Question posed by the Moderator to all three presenters:
We have covered a lot of ground today, ranging from metallurgical advancements in laboratory studies to the design and performance of tomorrow’s electronic packaging. I would like to ask each of you to comment on the critical gap areas and needs for lead-free solder technologies for which the materials community should pay special attention.
The responses were:
Handwerker: From the point of view of tin-whisker growth, I think there’s a lot of fundamental science that really needs to be done. A very careful fundamental science that would help link the observations of whether whiskers grow or not to the risks associated with using those particular processes or techniques in actual systems. There’s a huge gap there. The other gap is that with respect to the behavior of materials in the field—and this is going back to what Dave Hillman and Dongkai Shangguan said—is that we have a lot of test results, but we really don’t know how good is “good enough” for lead-free in all the different use conditions that are out there. And that’s particularly important when we start to trade off things like accelerated thermocycling performance with drop and shock. And so until we really have a better idea of what actual performance we need from lead-free in use applications, there’s more risk there than needs to be. It could be that all the lead-free solders we’ve looked at so far are perfectly fine in a wide range of applications, but we just don’t know it yet because of the acceleration factor issue that Dongkai has talked about.
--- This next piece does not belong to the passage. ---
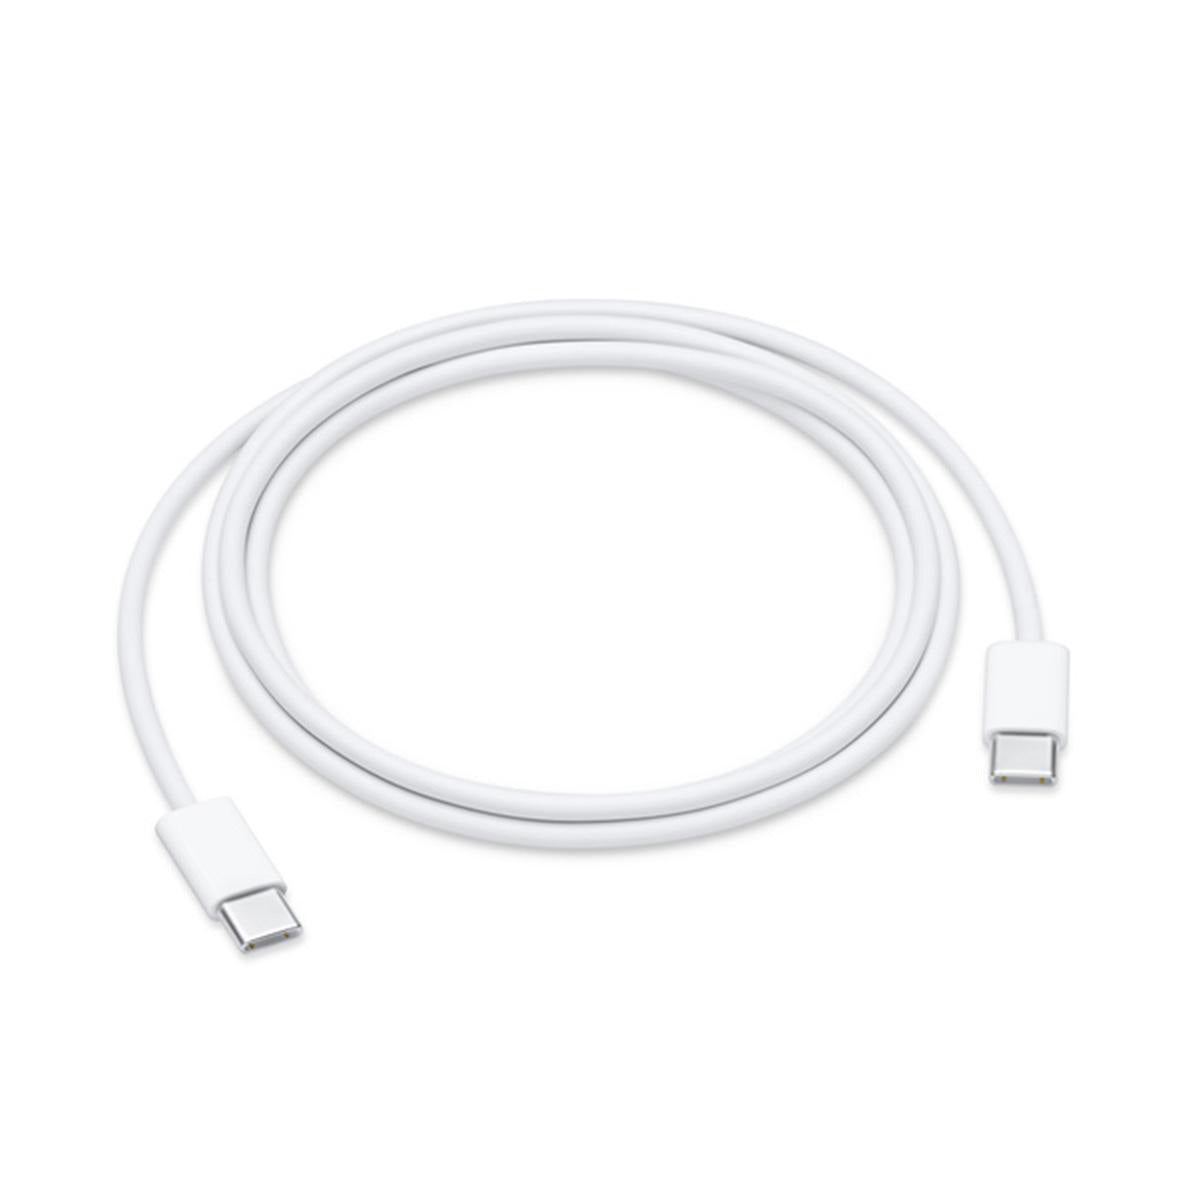 Apple Original USB-C Charge Cable (2M)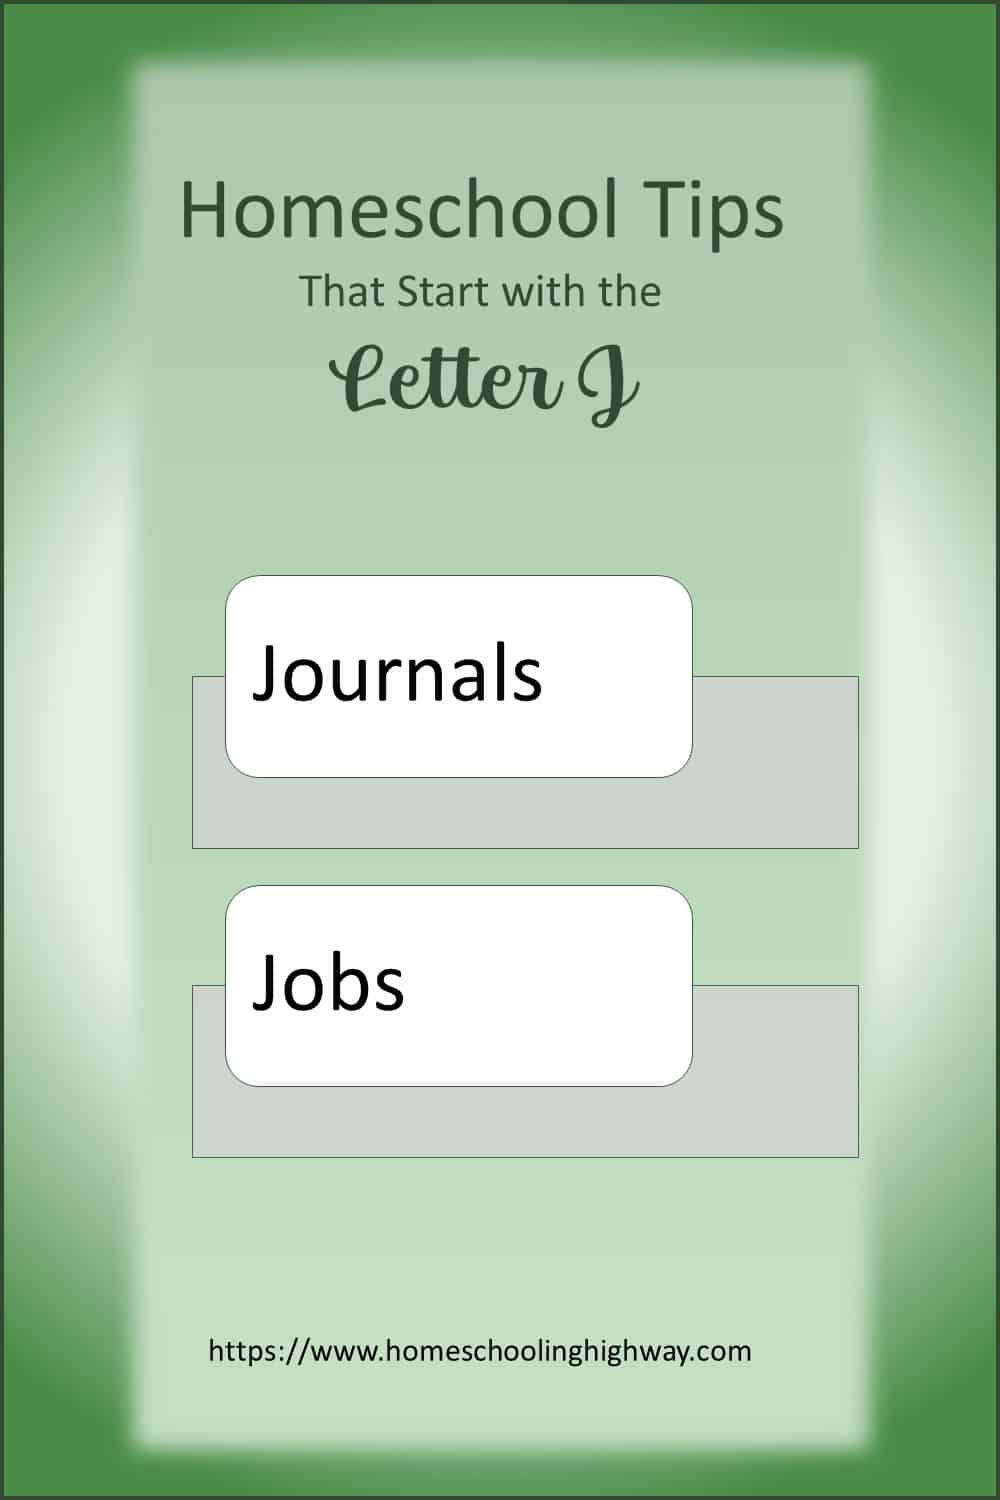 Homeschooling Tips That Start With J. Journals, Jobs.

Hillman: I think I’d echo Carol’s words. If you look at just solder alloy selection itself, we’ve got a baseline, we’re seeing the small additions and refinements. Yet as a process engineer, I’m trying to tie down and wrap a process so it’s repeatable, consistent. And if you look at the things that Carol and Dongkai talked about today, we need some stability even though it’s inherent in our nature to keep trying to optimize and find the best thing out there. And so I think from my viewpoint I’d like to see us hold the line for a little while and understand what we’ve got.
Shangguan: I agree with everything that David and Carol just mentioned. One of the areas that I would like to highlight is the study of solder, not just solder product reliability and the complex loading conditions. Because in actual applications, the loading condition is not just thermocycle or bending or tensile or corrosion, it’s all of these conditions simultaneously imposed.
These conditions and the failure mechanism often interact with each other; they may accelerate each other. Therefore, our understanding of the solder behavior, reliability behavior, fatigue behavior, creep behavior, and electrochemical behavior under these complex loading conditions that are simultaneously imposed would be very, very critical to the reliability of the product in actual applications. That is an area I would like to see more research on from the industry as well as the academic.